- _Your goal_
Please restate word for word the lines of the entries below from the one with "Pickerel Point Executive" to the one with "Images Autism Awareness Coloring Pages", inclusive, and leave out every picture.

- _Data excerpts_

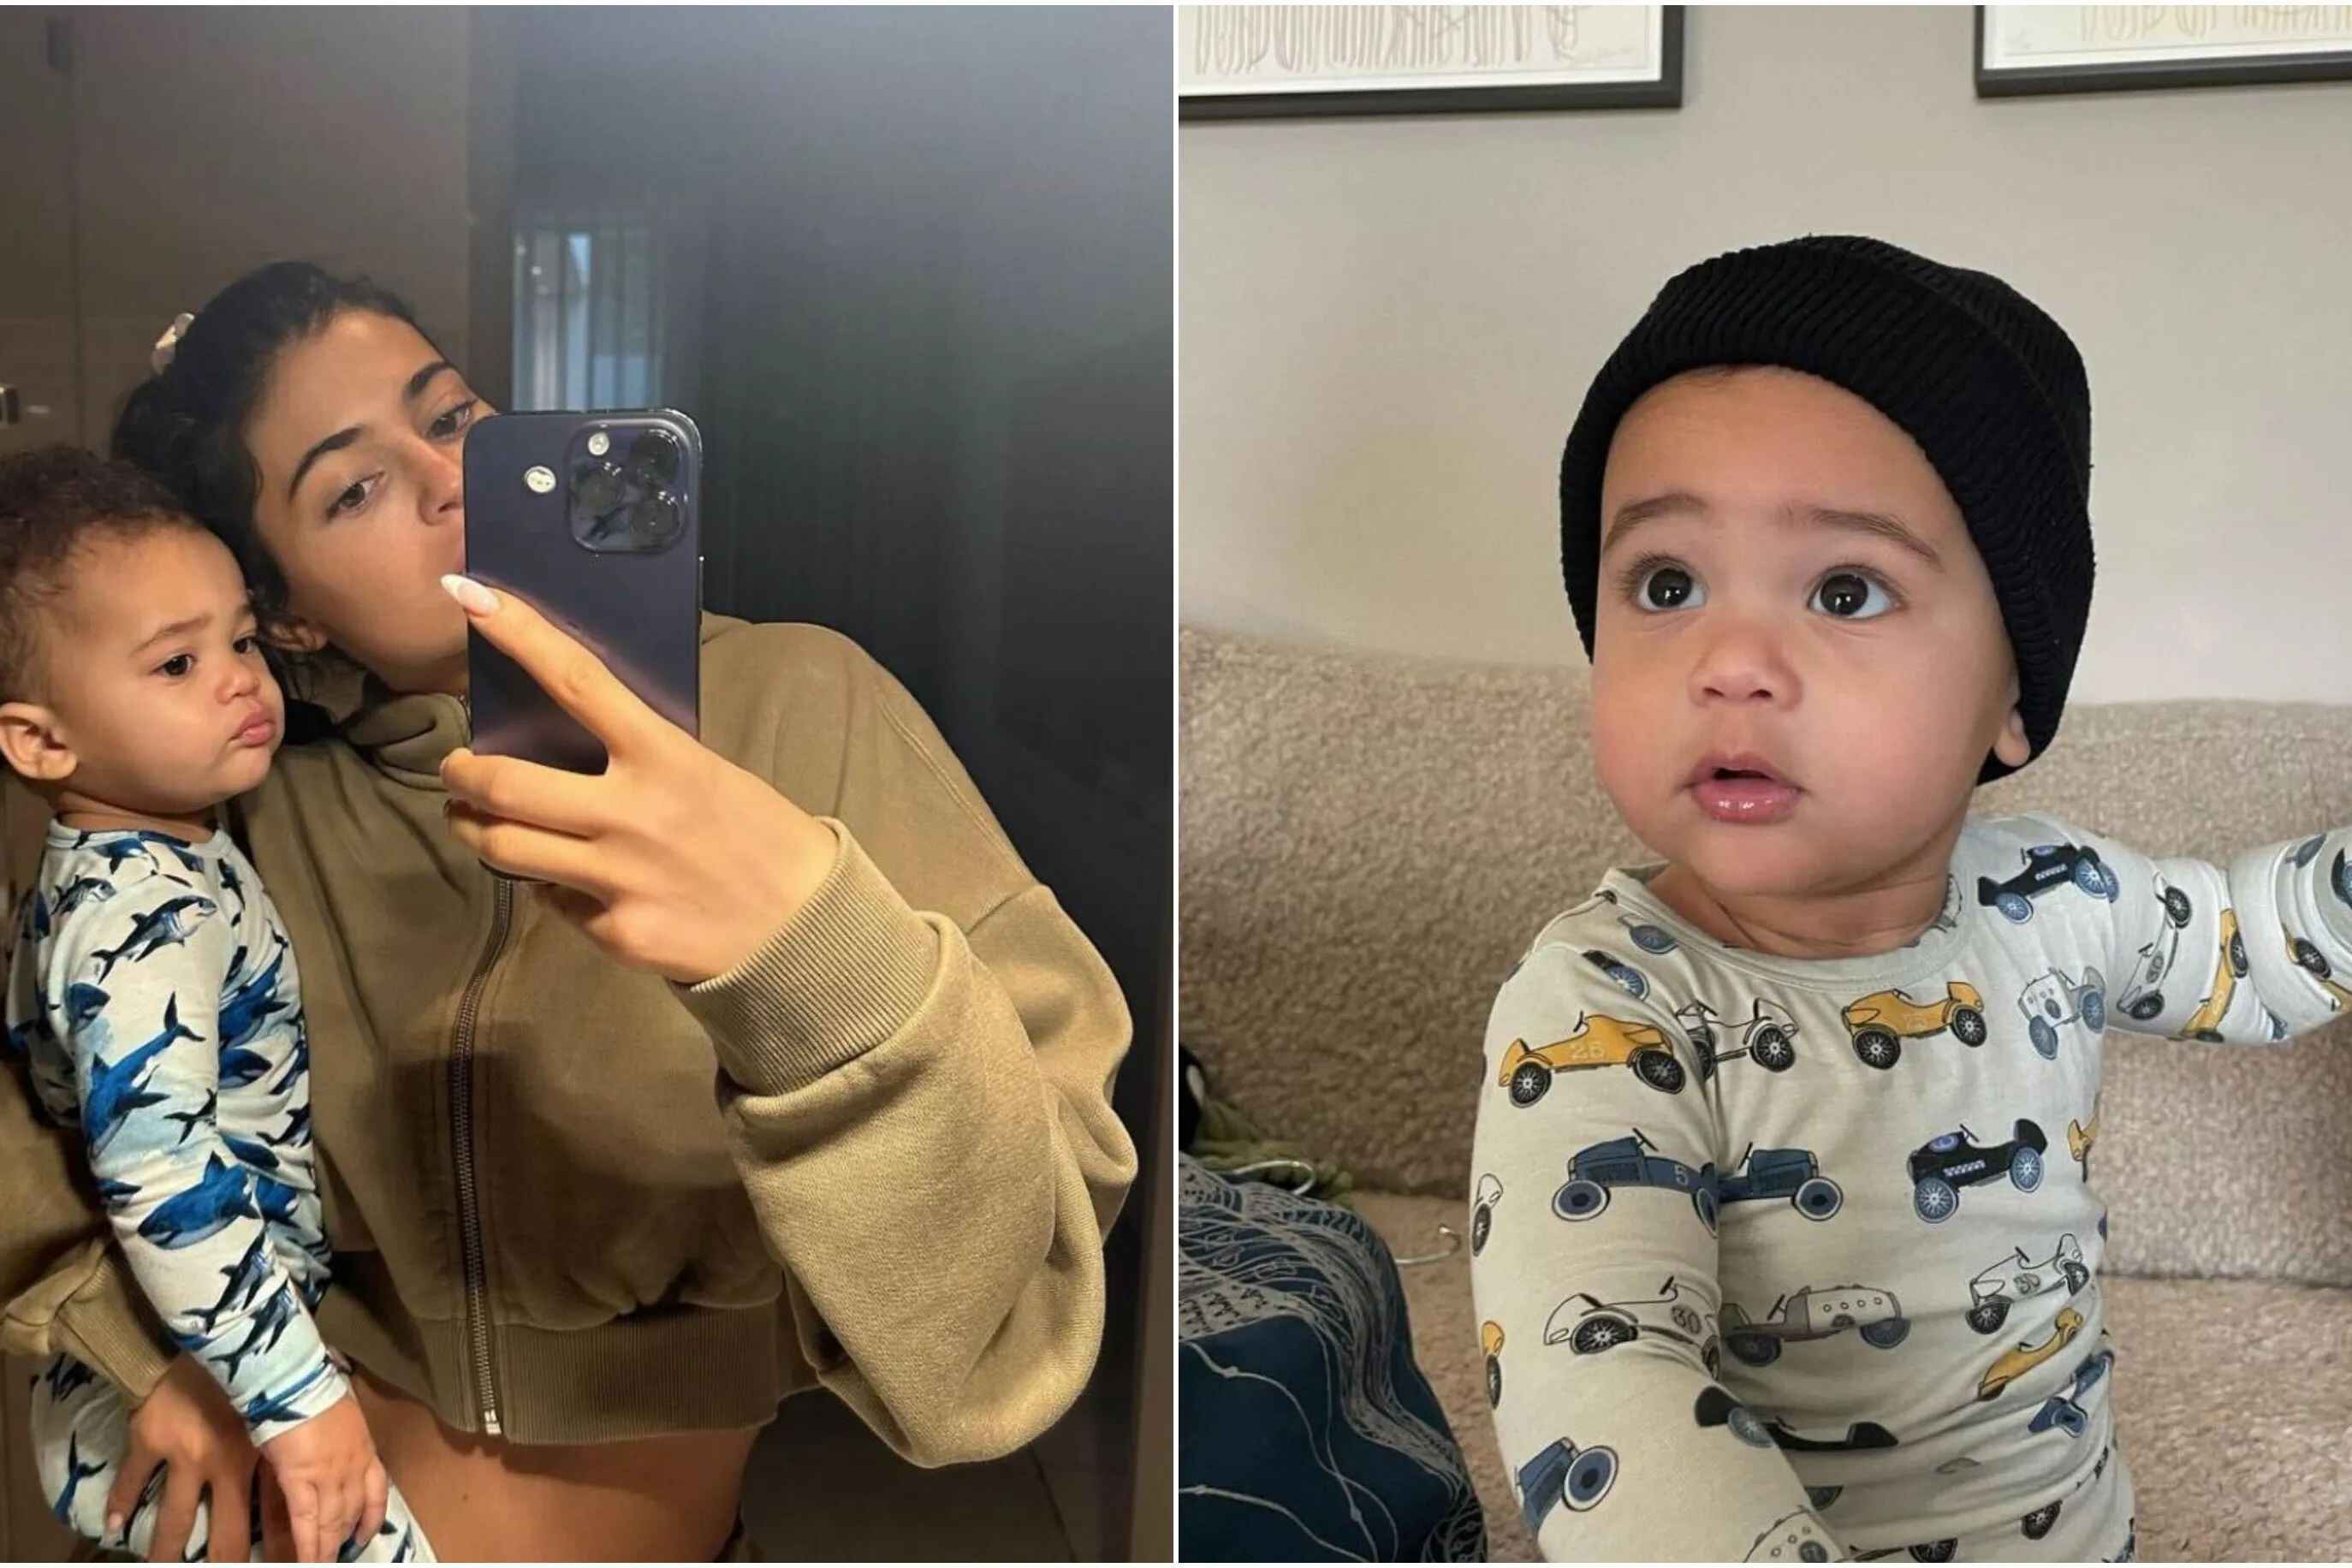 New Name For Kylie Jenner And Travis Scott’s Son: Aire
==
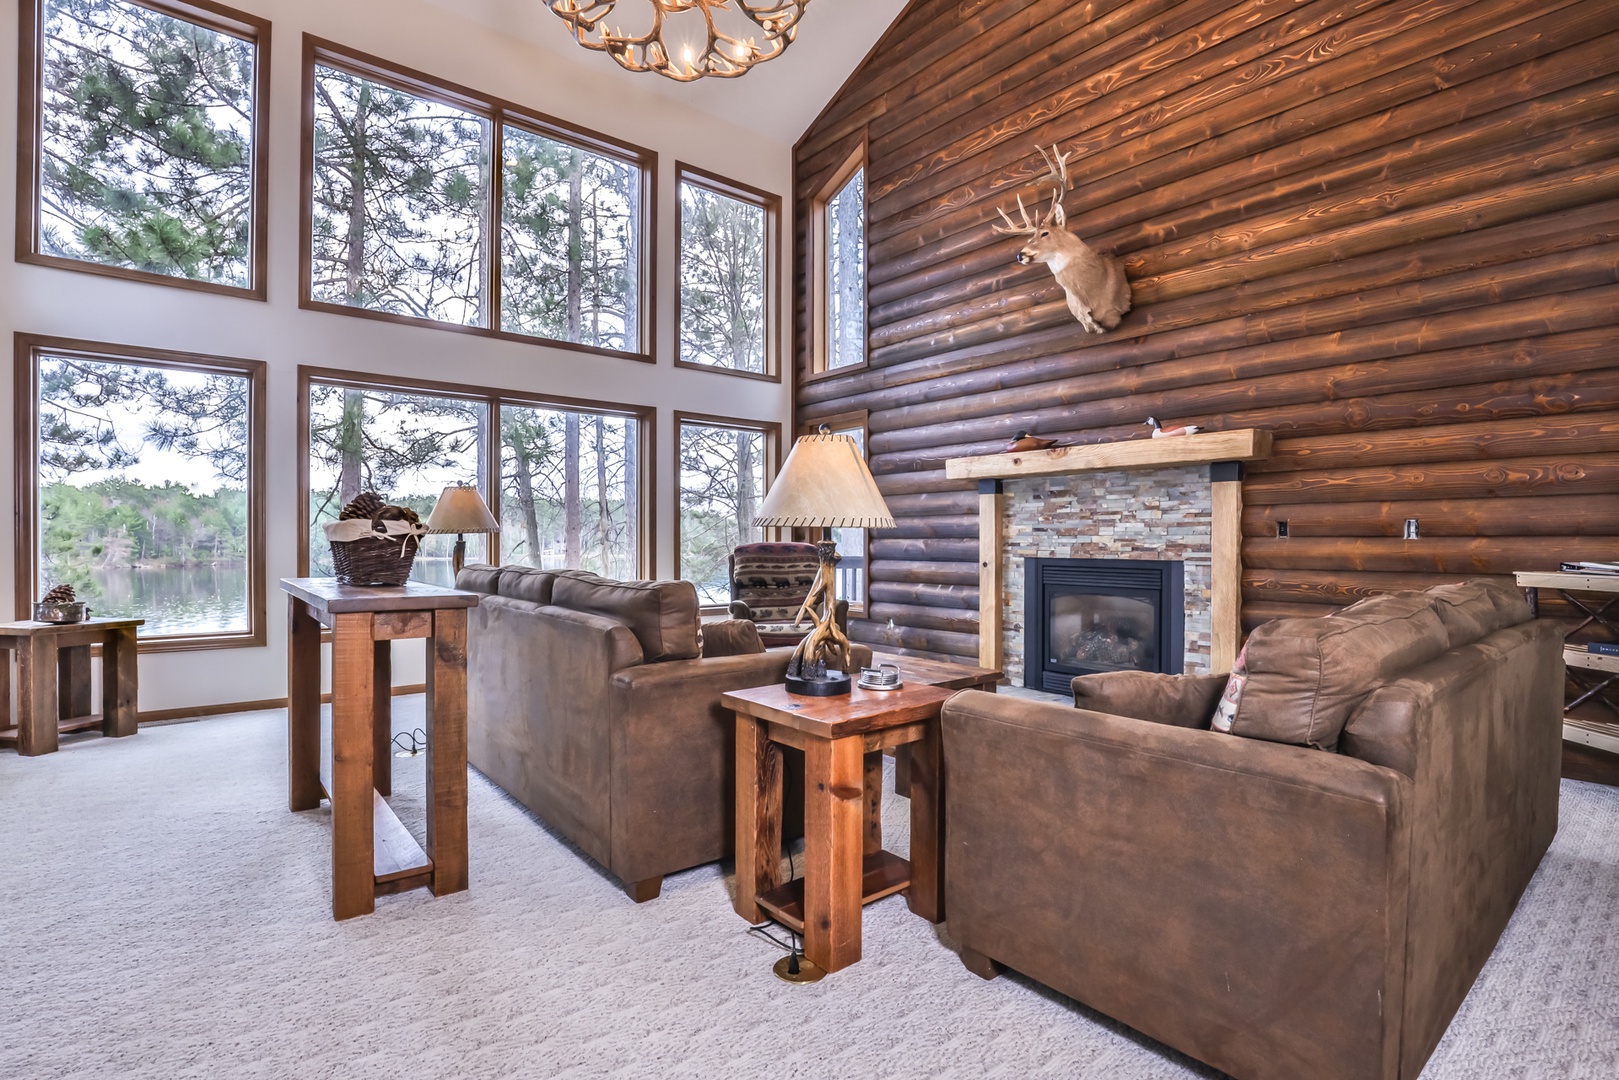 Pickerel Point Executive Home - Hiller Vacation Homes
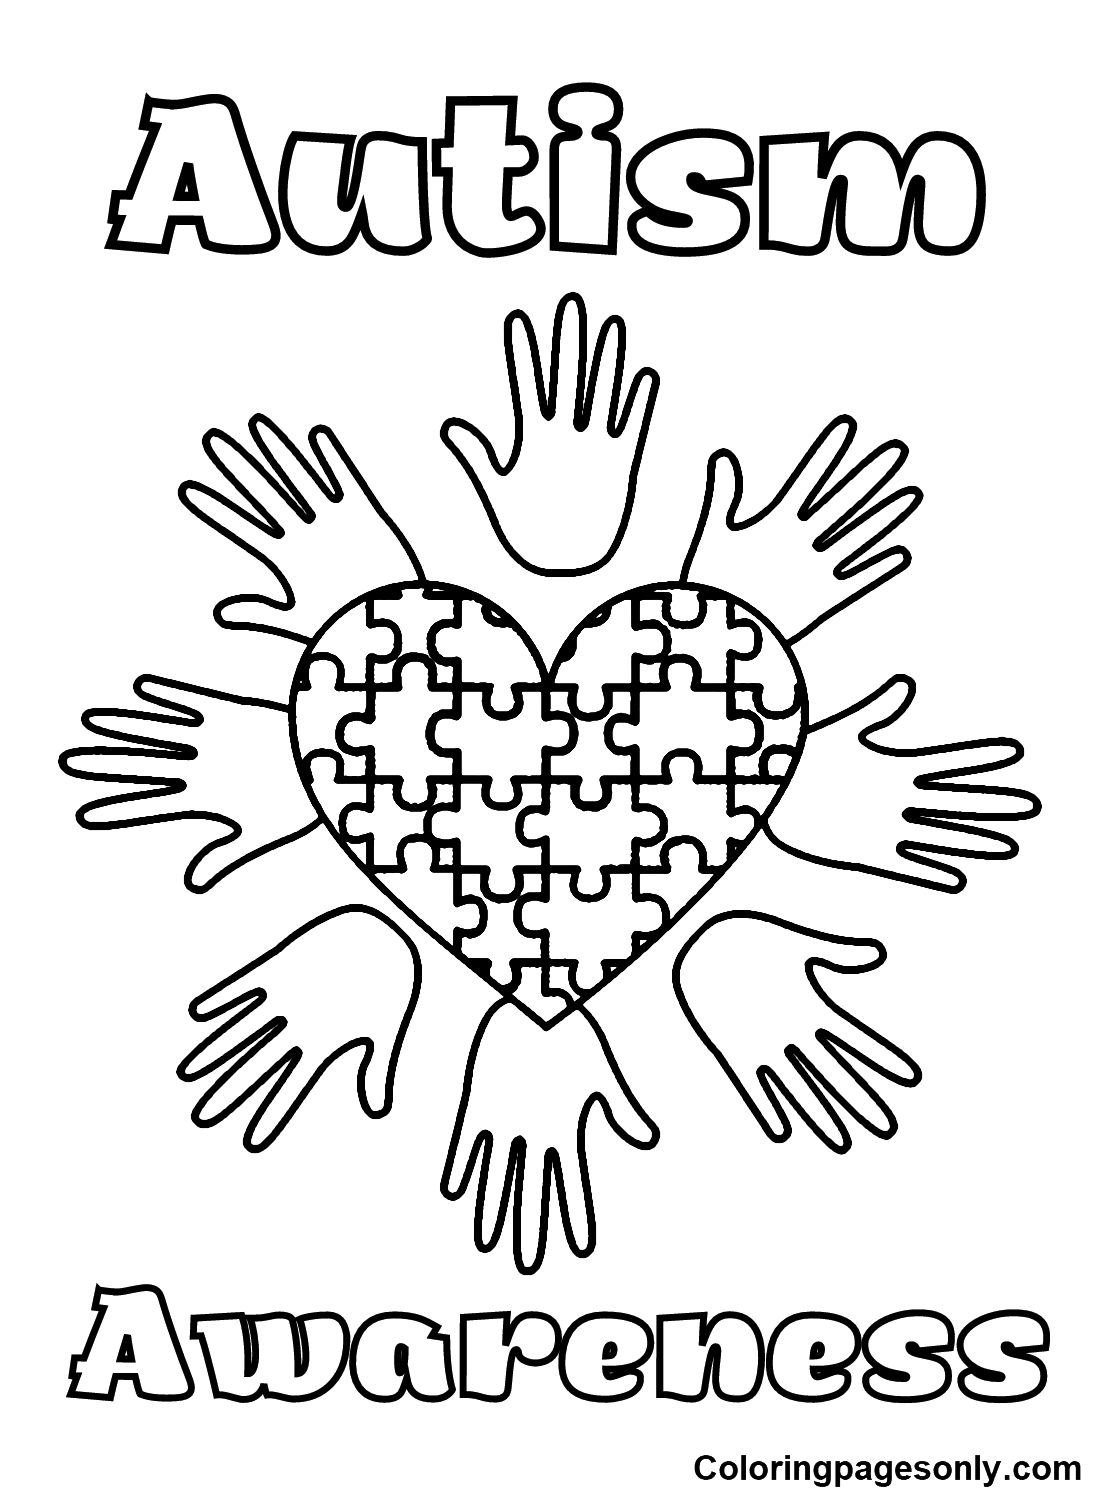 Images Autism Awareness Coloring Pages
---
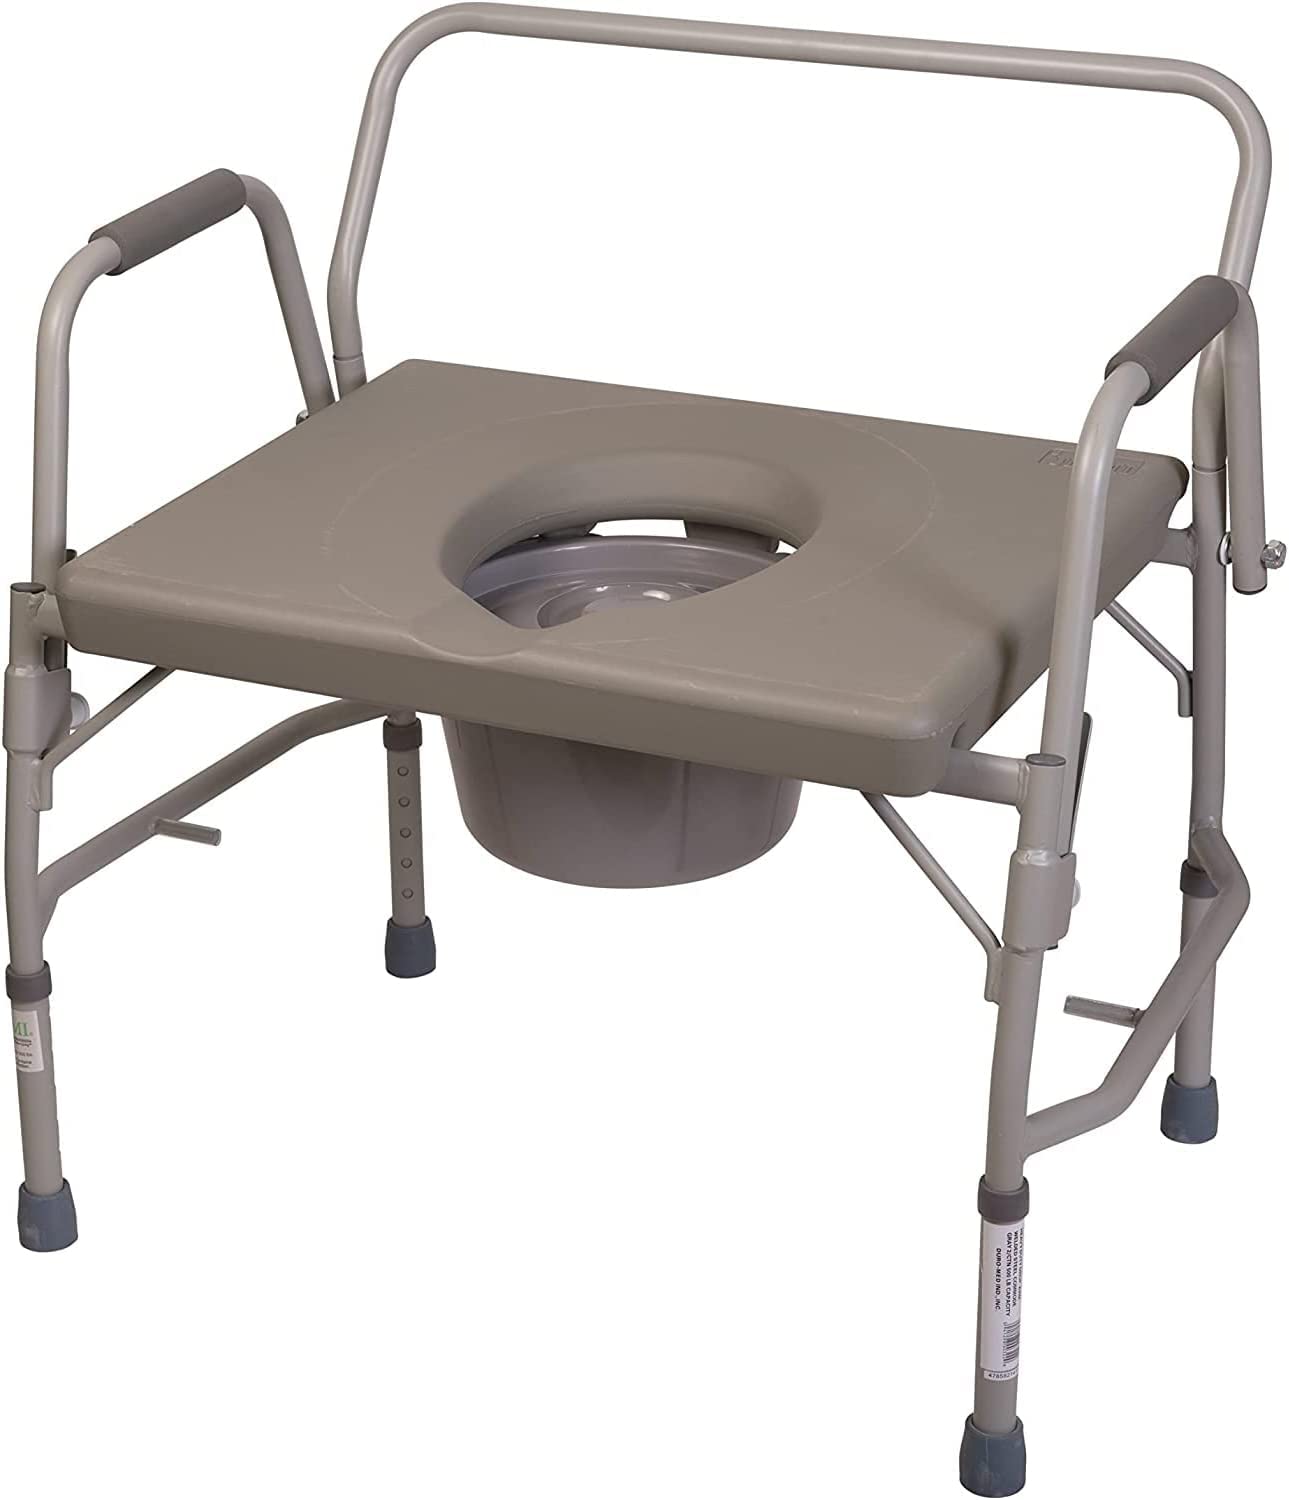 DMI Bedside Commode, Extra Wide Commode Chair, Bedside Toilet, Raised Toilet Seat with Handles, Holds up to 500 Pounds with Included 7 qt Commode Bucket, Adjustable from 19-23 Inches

- _Exercise result_
 Pickerel Point Executive Home - Hiller Vacation Homes
 Images Autism Awareness Coloring Pages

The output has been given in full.